There were 53 BPs relevant to mRNAs that were upregulated in circulating exosomes of the CHB patients. The top four BPs included positive regulation of the ammonia assimilation cycle, the cellular stress response to acidic pH, the cellular lactam catabolic process, and the antibiotic metabolic process. CXCL8, NOX1, and NR1H4 were involved in 14, 16, and 19 BPs, respectively.
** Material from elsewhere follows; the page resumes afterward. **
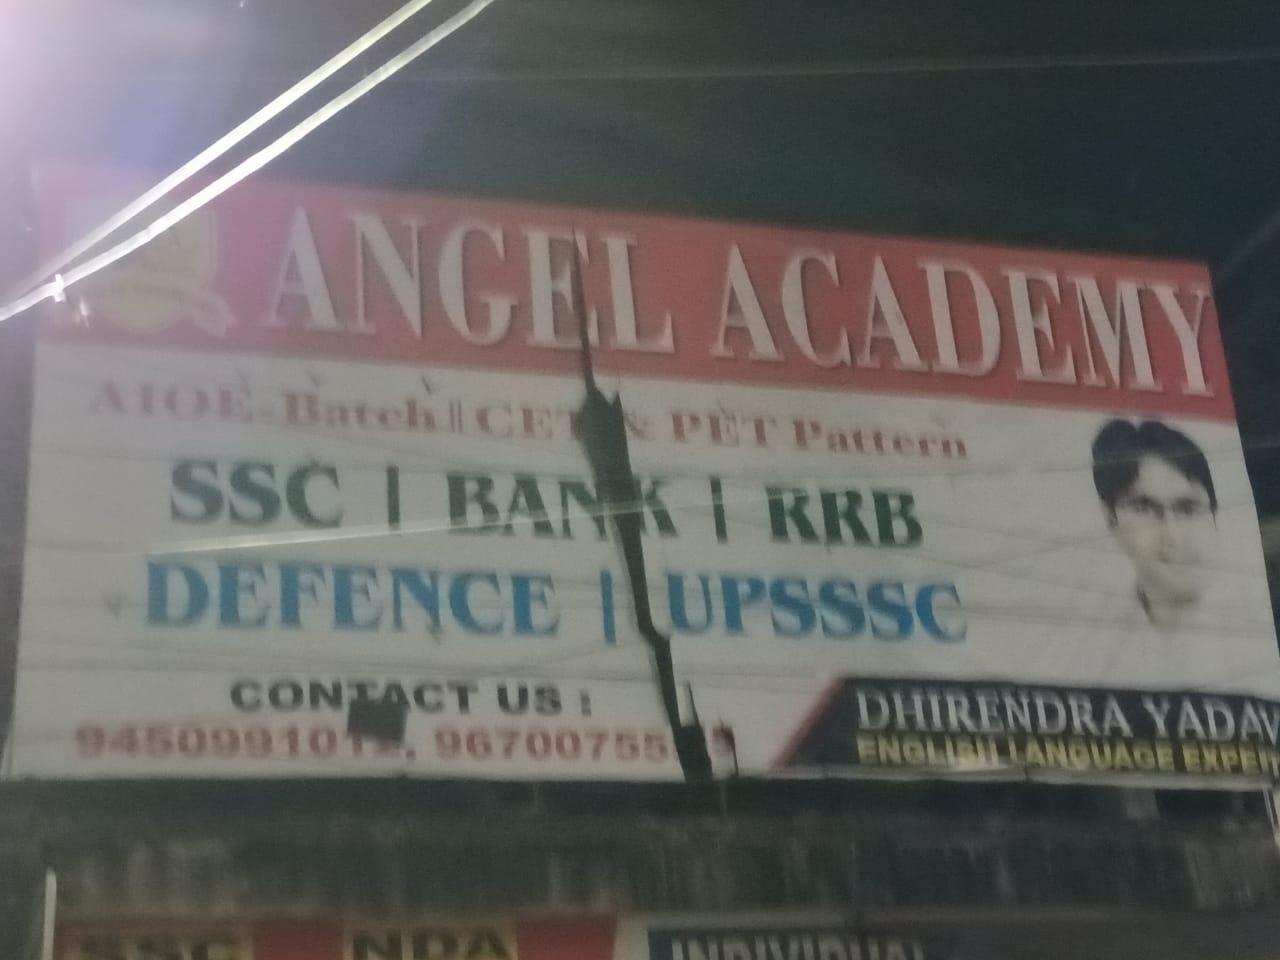 Angel Academy Logo

Four downregulated mRNAs (GRK4, SLFN14, KIAA1804, and ABCC9) were associated with ATP binding in molecular function (MF). Five upregulated genes (DPEP1, NOX1, NR1H4, ZNF575, and ZNF398) were associated with metal ion binding in MF. Five downregulated genes (ZNF135, ZNF701, ZNF425, IL8, and KIAA1804) were associated with ‘intracellular’ in cellular component (CC)14. Two upregulated genes (DPEP1 and NOX1) were associated with ‘cell projection’ in CC, and six upregulated genes (DPEP1, ZNF575, ARL4D, RBM17, NR1H4, and ZNF398) were associated with ‘nucleus’ in CC.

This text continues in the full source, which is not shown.